The more I read about servant leadership, the more I agree with it. However, I also believe that servant leadership has just taken transformational leadership and coated it with morality. In that sense, a transformational leaders who already possesses high morals is practically not too dissimilar to a servant leader. The important thing is being selfless (I personally believe you can be charismatic and selfless as long as your objectives are not to gain personal fame but instead, to drive organizal performance and improve employee satisfaction).

Finally, leaders should never show fear or anger. If they show fear, others can take it as a sign of weakness and an emerging leader might take over. On the other hand, if they show anger, they can be viewed as an autocratic leader and that would most likely have a negative impact on employee motivation.


March 30, 2013

Transformational theory: the perils of oversimplification

Some studies on transformational leadership have mentioned four components, while others have used three main parts of Bass' theory.

They all describe intellectual stimulation (encouraging followers to challenge the status quo) and Individualised consideration (being supportive, mentoring, etc). The difference, however, lies in the fact that some have further broken down charisma into Idealised influence and Inspirational motivation.

Idealised influence refers to the admiration and respect transformational leaders get. On the other hand, inspirational motivation is about inspiring and instilling enthusiasm.

Personally, I prefer keeping them together and branched under charisma, as they are both interlinked to a large extent. For example, if a leader is admired and respected, he/she can better inspire the team.
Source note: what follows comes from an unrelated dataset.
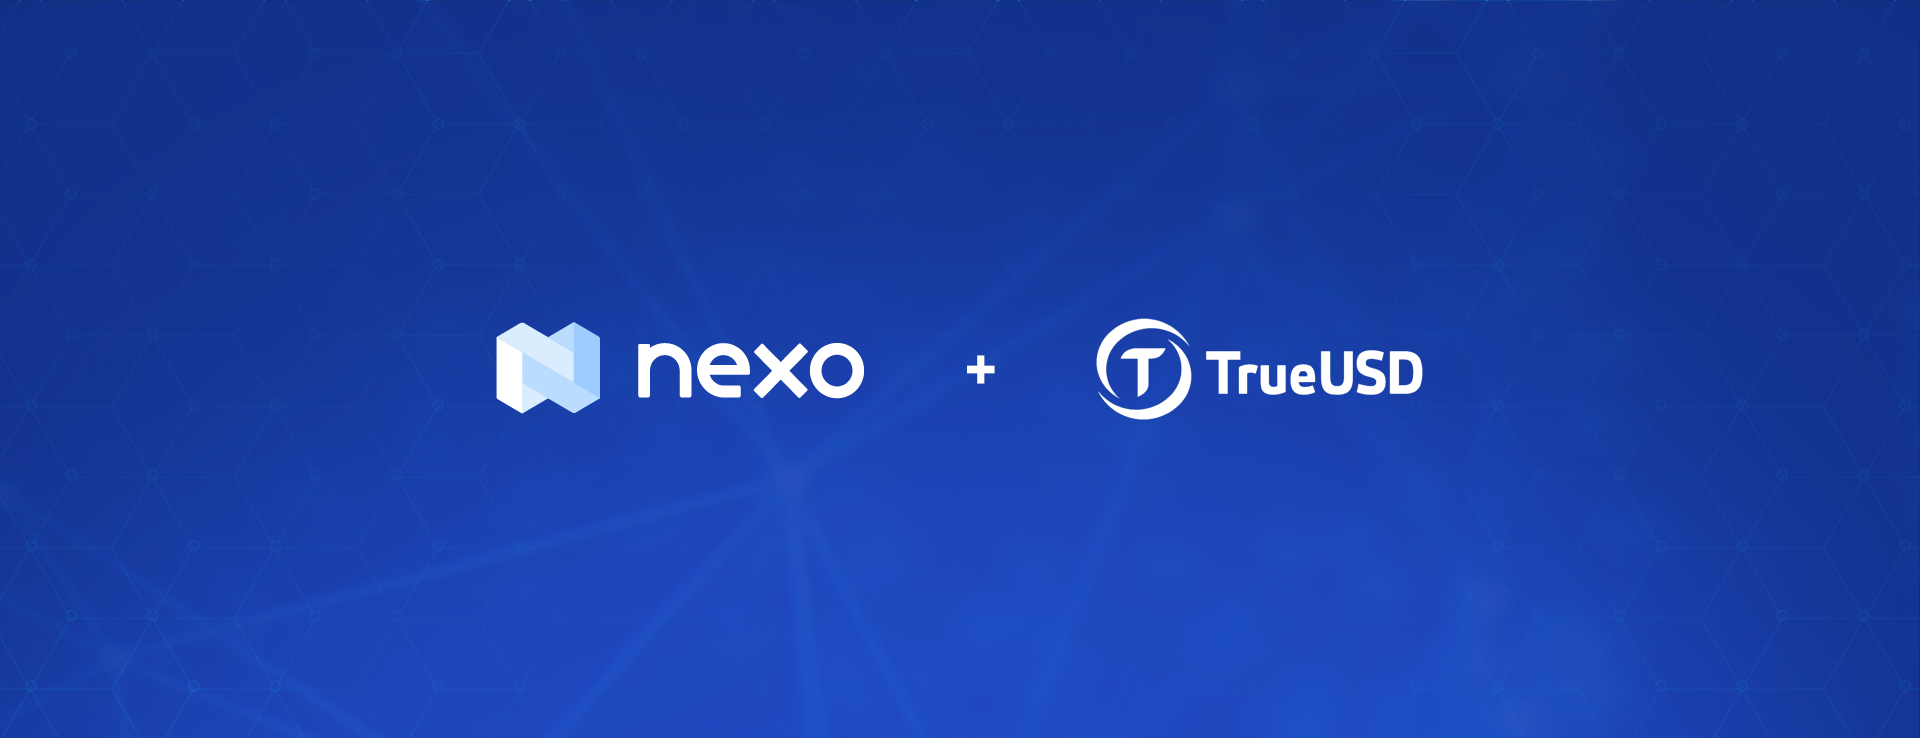 TrueUSD Selects Nexo as Its Official Lending Partner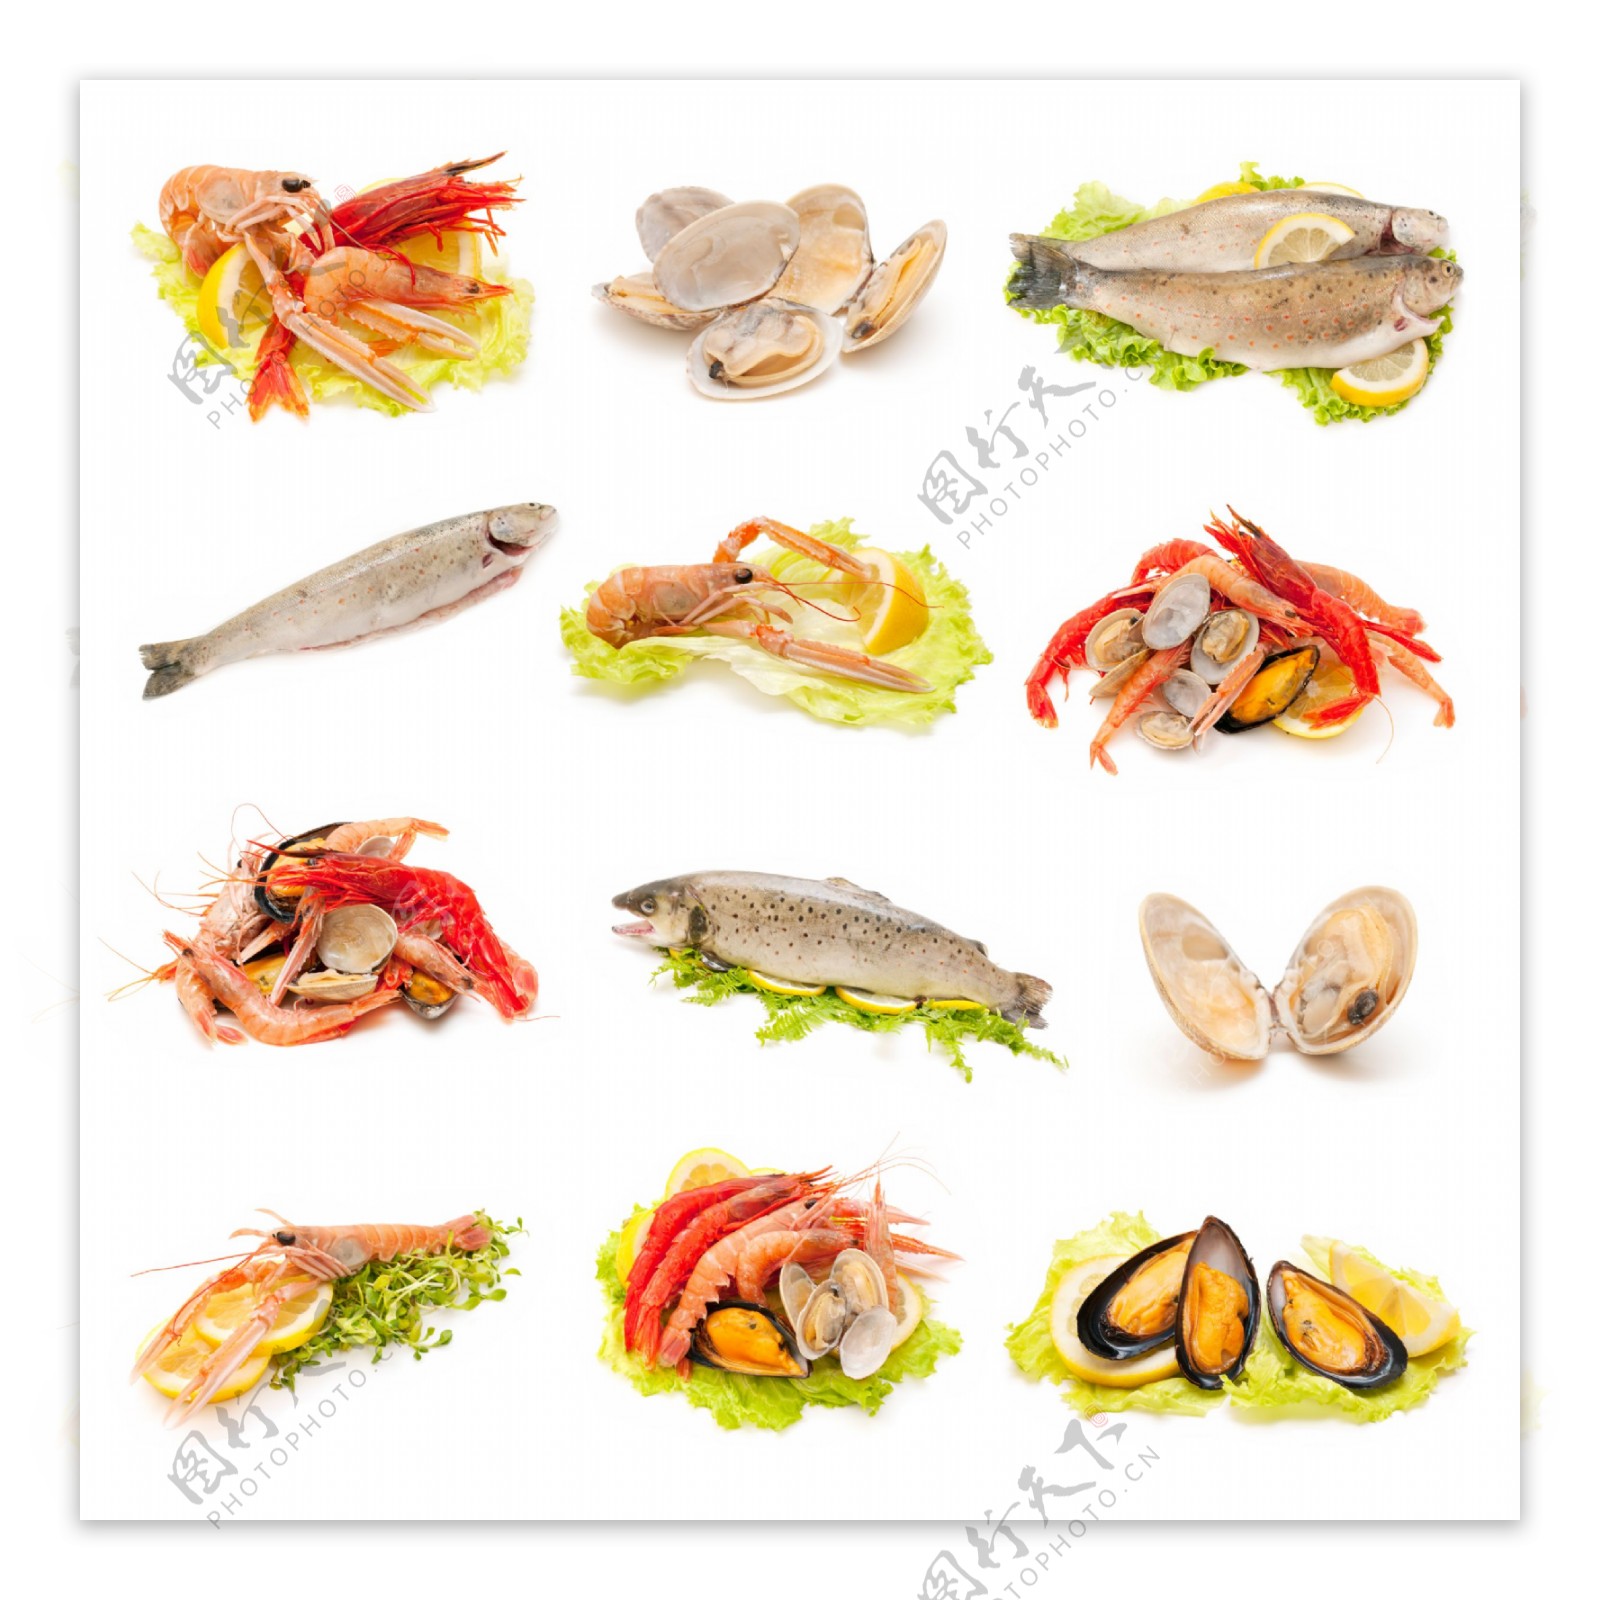 海鲜食物原料图片

There are many cases, where further elaboration can lead to confusion and in some cases, the meaning can be lost. I have learnt to be critical and now I am always suspicious when I see a theory or a model that constitutes more facets than absolutely necessary.


March 29, 2013

Transformational leadership vs Servant leadership

After reading about transformational theory and servant theory, I can't help but notice how similar they are. For example, they share many attributes such as:

Influence, Vision, Trust, Integrity, Individualized consideration, mentoring, empowerment, etc.

In essence, the only real difference between the two is their slight variation in focus. Servant leadership emphasises more on followers, while transformational leadership focuses on organizational goals.
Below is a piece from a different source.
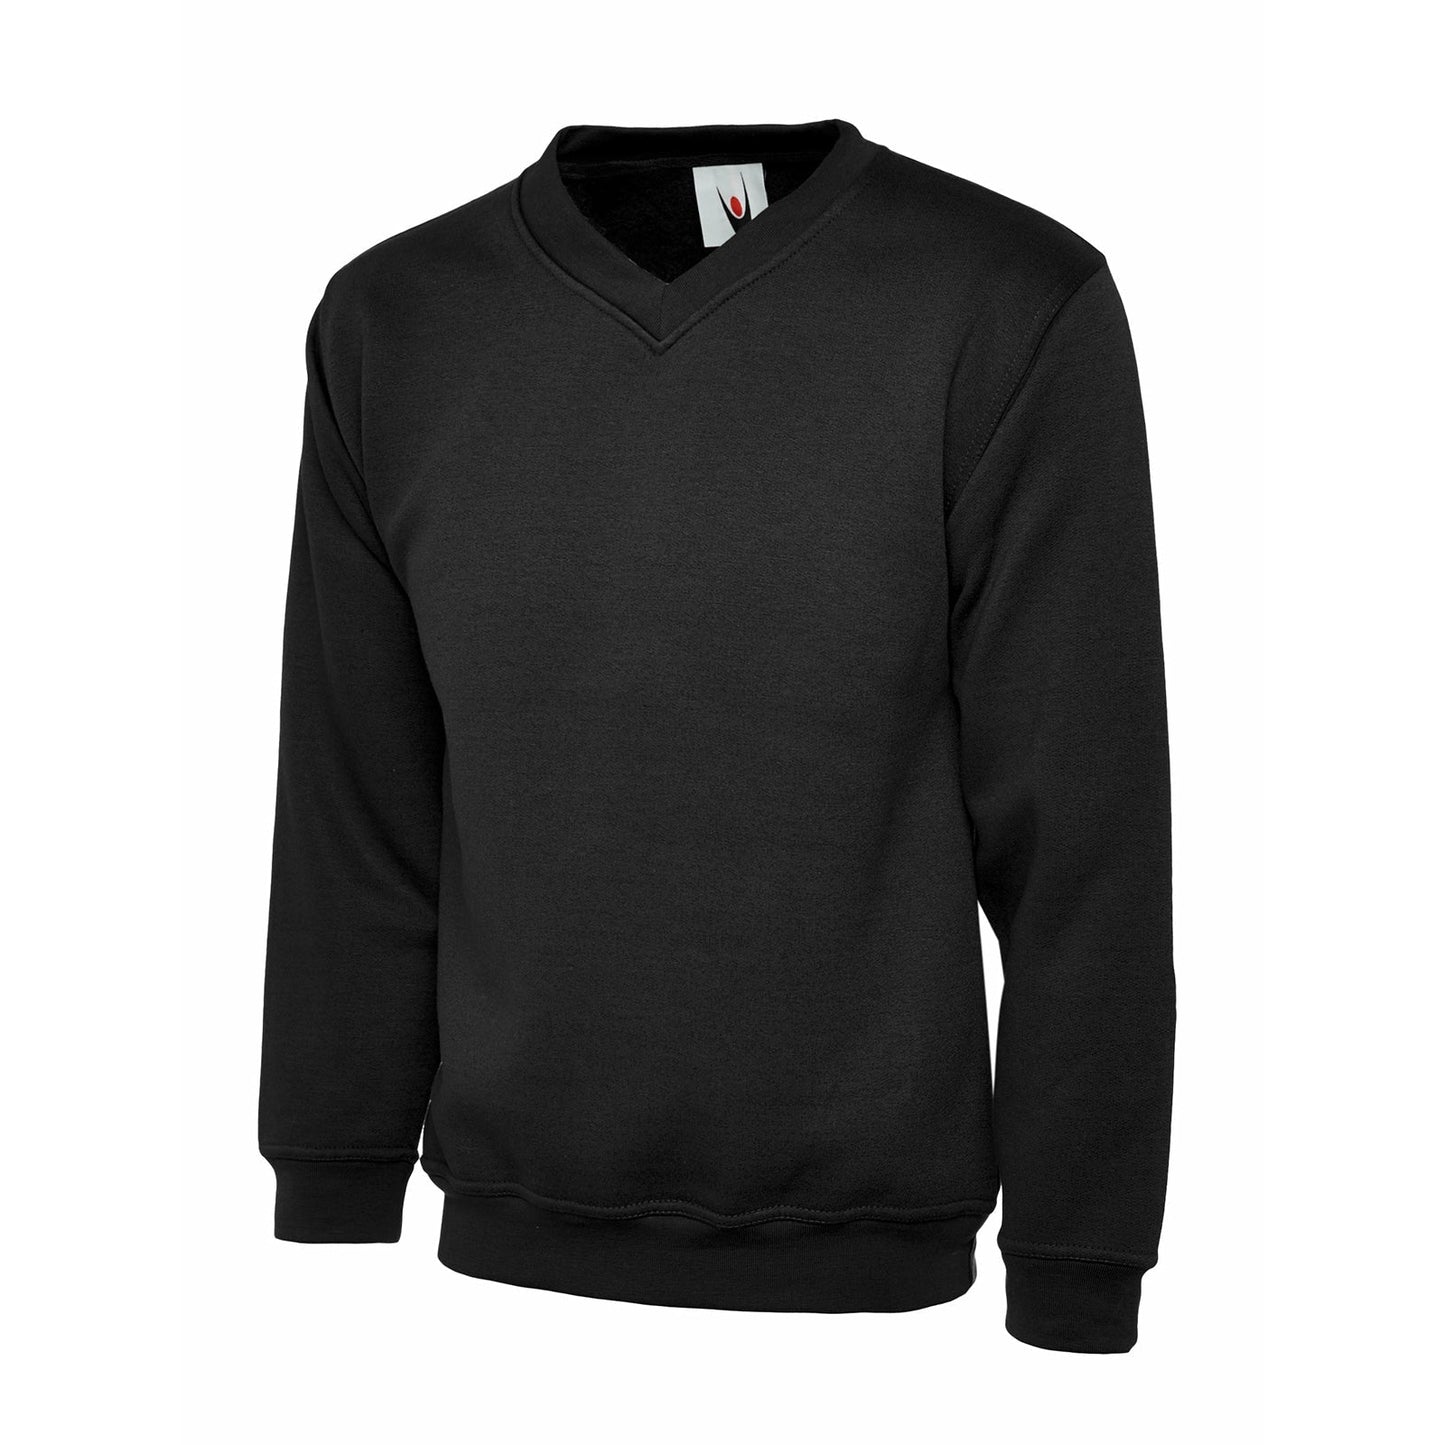 Black v-neck sweater

However, one must question whether this is a strong enough reason to make a distinction between the two approaches. Why can't organizations have both objectives, i.e. to improve performance and develop employees? Indeed, many progressive companies try to simultaneously do both. In my opinion, that is probably the only real way an organization can achieve and sustain success.


March 28, 2013

Leadership: Enabler or a Driver?

During the module week, Paul said something that has stayed in my mind ever since. He pointed out that GE was successful in spite of Jack Welch rather than because of him.
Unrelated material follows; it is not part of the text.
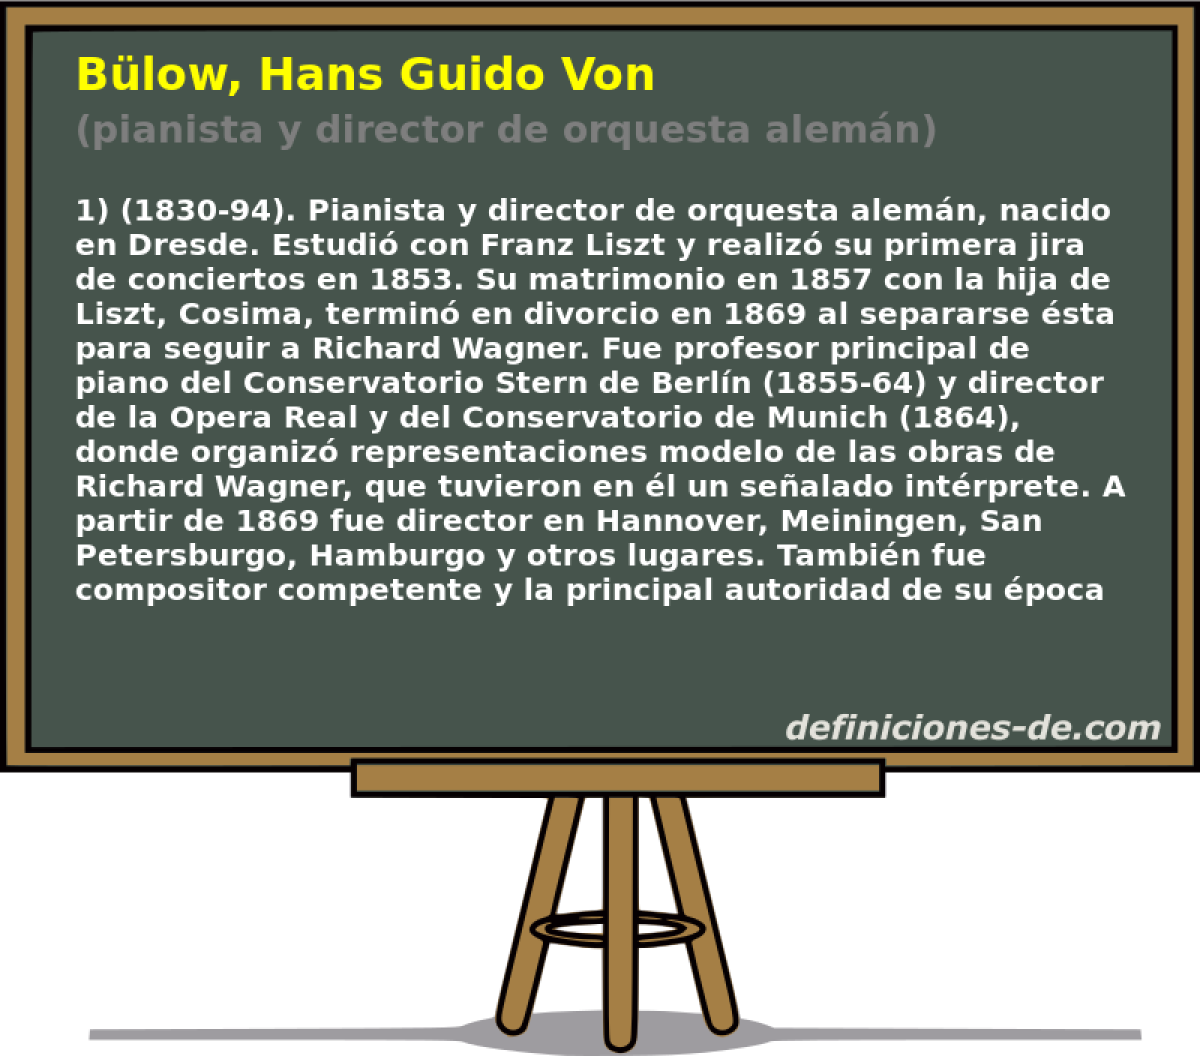 Blow, Hans Guido Von (pianista y director de orquesta alemn)

This suggests that leadership is only an "enabler" and not a "driver" of increasing performance at an organization. This is in contrast to the Malcolm Baldrige Award which assumes that leadership "causes" an increase in performance and quality of processes.

Personally, I would go along with the former. I think that while having an effective leader certainly helps the cause, it is by no mean a direct indicator for organizational performance. As we know, there are many different factors that have a say, e.g. characteristics of followers, environment and just pure simple luck.

People nowadays, are quick at pointing to the leader when an organization performs well. It is the easy option..and humans want to develop simple explanations for complex organizational performance. Hence, they all come to the conclusion that "the leader must be doing something right".

Hopefully, the critical analysis skills that we are learning at MBE will help us to steer away from such errors. We should always analyze all the possible variables before attributing the success or failure of a process/ organization to any one factor.